Interview with Brian Wheat from Tesla: Fortunate Sons

Interview with Brian Wheat from Tesla: Fortunate Sons

—by , February 15, 2012

Recently, I had the opportunity to speak with Tesla bassist Brian Wheat about their latest record, Twisted Wires And The Acoustic Sessions. The album is a potpourri of Tesla nuggets recorded acoustically in the studio, and the release of the album coincides with the 20th anniversary of their highly successful album, Five Man Acoustical Jam. Brian and I spoke about the process of putting the new CD together, as well as his thoughts on Tesla being together for over 25 years now. The conversation is below.

So, the new Tesla album is called Twisted Wires And The Acoustic Sessions. Can you tell me a little bit about how the album came together?

Well, what happened was, half the record has Tommy Skeoch on it, and those were the last sessions we did with Tommy before he left the band. We always wanted to put them on a box set, but the box set ended up getting kinda put on hold for now. So those recordings were sitting in the vault, and the 20th anniversary of Five Man Acoustical Jam was coming up. At the same time, we had a song called “Better Off Without You,” which was a demo from our first record, and we were working on this new song called “Second Street” as well. So, we basically made the record around the tracks we had in the vault with Skeoch, the two new songs that we had, as well as some new recordings of some of our older songs done in an acoustic fashion. That’s were we got Twisted Wires from—it’s sort of a mesh of three different things.

So how far back do those sessions with Tommy go?

They were done in 2005, over like a ten-day period.
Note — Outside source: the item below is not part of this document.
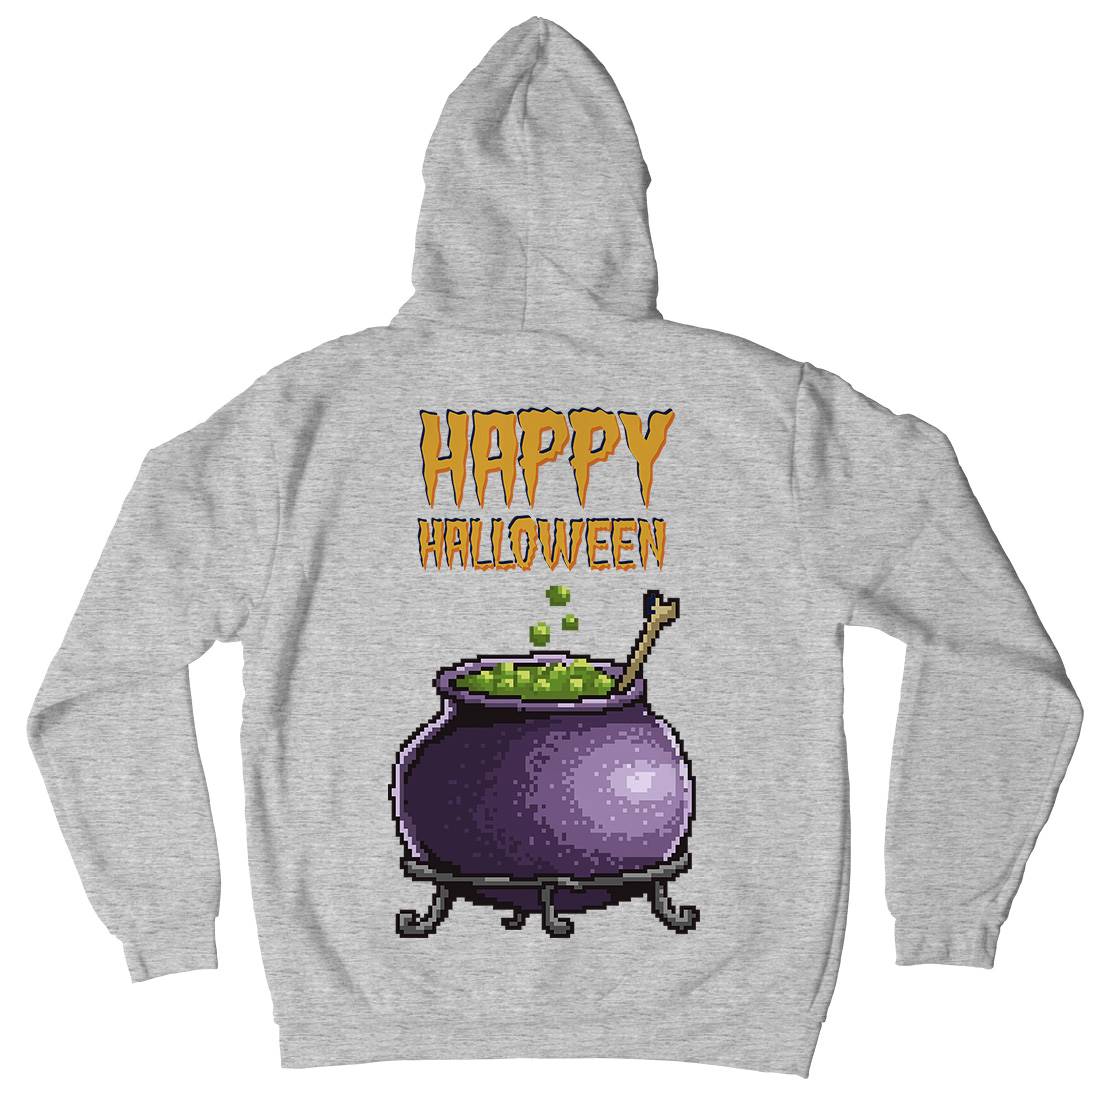 Happy Halloween Kids Crew Neck Hoodie Horror B909

At that time we were doing some acoustic shows and someone had pointed out to us that we had never done studio recordings acoustically—that most of our acoustic stuff was only on Five Man Acoustical Jam.

So when you were working on that stuff, I guess you didn’t want to overlap what was already released on Five Man Acoustical Jam?

Yeah, that’s why there’s no “Paradise” on the album, no “Love Song.”

Yeah, I noticed that most of the album was comprised of really deep album cuts from the catalog.

Well, one thing you have to remember is that when we did Five Man Acoustical Jam, we only had two records out—Psychotic Supper hadn’t been released, Bust A Nut hadn’t been released yet—that’s why lots of the tracks on this new album are the more obscure stuff from those records, like “A Lot To Lose,” and others songs, as well.

Were there some songs from the catalog that you knew right away you wanted to do acoustically?

I think things kinda present themselves. Usually we just kinda jam around, and the ones that sound good end up being the ones we do.

When you guys unplug, it still has that swing and swagger that is very much a part of the Tesla sound, and since you guys were pretty influential in terms of rock bands stripping down and playing acoustic, I wonder—and perhaps you can tell me—what it is that makes the music come alive and so special when played in that setting.

Yeah, you know, I don’t now what it is. Obviously, when we play electric, that’s how we play, and when we play acoustic, it just sounds that way. That’s just what we do naturally, you know. We don’t really calculate it. I couldn’t really give you any formula, but maybe it’s just how we mentally approach things when we play acoustic.

I feel like I really have to thank you guys for putting me on to some music that really shaped me as a person growing up. I think Five Man Acoustical Jam was a really good blueprint for young people at that time willing to broaden their tastes beyond what was popular—which was definitely that whole Poison/Mötley Crüe thing.

Well, I appreciate that. It’s a nice compliment. I tell people all the time that that’s all we really knew how to do. They tried to turn us into these sexy guys, you know, that look that was happening at the time, and that just wasn’t us. And also, the big thing that happened in the process is that we turned everybody on to “Signs.”

I just read a review from one of your latest gigs in Arizona, and the reviewer wrote that—even though that song was a hit for you 20 years ago, and even though you guys must have played that song live a million times by now—it still feels fresh, the audience anticipates it, and that it appears as if you guys still really enjoy playing that song in particular.

Yeah, you know, even though we didn’t write it, it’s one of ours now. It was our biggest hit, people look forward to it, and when you see them enjoying it, how can you not enjoy it?

Now that you guys have been together over 25 years now, how do you reflect upon your career now? I mean, I don’t know what your expectations were when the band started, but now, all these years later, how does it feel for you and the band?

It’s pretty mind-blowing when I look at it now. It’s like, “Man, we’ve been together 25 years!” I mean, I never thought that would happen when we started. You know, when we were kids, we just wanted to get our record into the record shops, and now—25 years later—people still keep coming to shows. So, we’re just really fortunate.